Это правда. Меня прислал Вернике.
— Он не посылал меня, — говорю я. — Я пришел тайком. Никто не знает, что я здесь.
Она медленно отделяется от стены.
— Ты тоже меня предал.
— Я тебя не предавал. Я не мог к тебе пробиться. Ты не выходила.
— Мне же нельзя было, — шепчет она. — Они все стояли снаружи и ждали. Хотели меня поймать. Они проведали, что я здесь.
— Кто?
Она смотрит на меня и не отвечает. Какая она худенькая! — думаю я. Какая худенькая и одинокая в этой пустой комнате. Она даже лишена общества самой себя. Она даже не может остаться наедине со своим «я»; разорванная, точно граната, на множество острых осколков страха, среди чуждого и угрожающего ландшафта, полного неуловимых угроз.
— Никто не ждет тебя, — говорю я:
— Ждут.
— Откуда ты знаешь?
— А голоса? Разве ты их не слышишь?
— Нет.
— Голосам все известно. Разве ты их не слышишь?
— Это ветер, Изабелла.
— Да, — покорно соглашается она. — Пусть ветер. Если бы только это не причиняло такой боли.
— А что причиняет тебе боль, Изабелла?
— Перепиливание. Они же могли бы резать, тогда дело пошло бы живее. Но это тупое, медленное перепиливание! И все опять снова срастается, оттого что пилят слишком медленно! А тогда они начинают сначала, и это продолжается без конца. Они распиливают тело, а оно все время срастается, и так без конца.
— Кто распиливает?
— Голоса.
— Голоса не могут распиливать.
— Эти могут.
— Где же они распиливают?
Изабелла делает движение, словно от резкого приступа боли. Она стискивает руки между коленями.
— Они стараются выпилить ребенка. Чтобы у меня никогда не было детей.
— Да кто?
— Те там, снаружи. Она говорит, что родила меня.
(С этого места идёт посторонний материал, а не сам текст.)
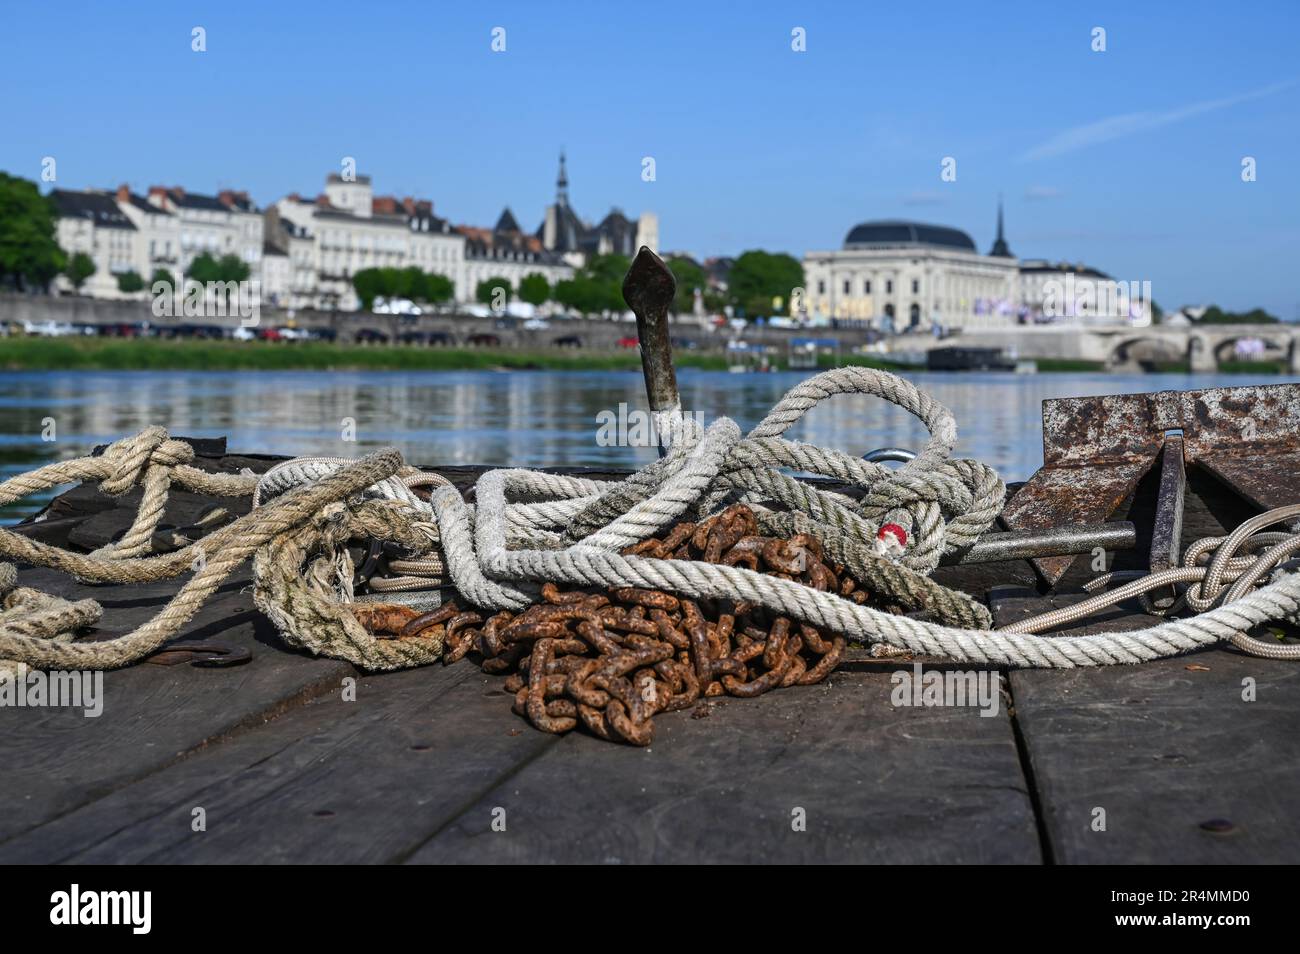 View of Saumur from a Loire river boat with the town hall and town theatre bordering the waterfront, France Stock Photo

А теперь хочет опять силком вернуть меня в себя. И распиливает, распиливает. А он держит меня. — Изабелла содрогается: — Тот, который в ней…
— В ней?
Она стонет:
— Не говори никому… она хочет меня убить… Но я не должна этого знать.
Я направляюсь к ней и обхожу кресло с узором из бледных роз: это кресло, имитирующее беспечную жизнь, кажется в пустой комнате особенно неуместным.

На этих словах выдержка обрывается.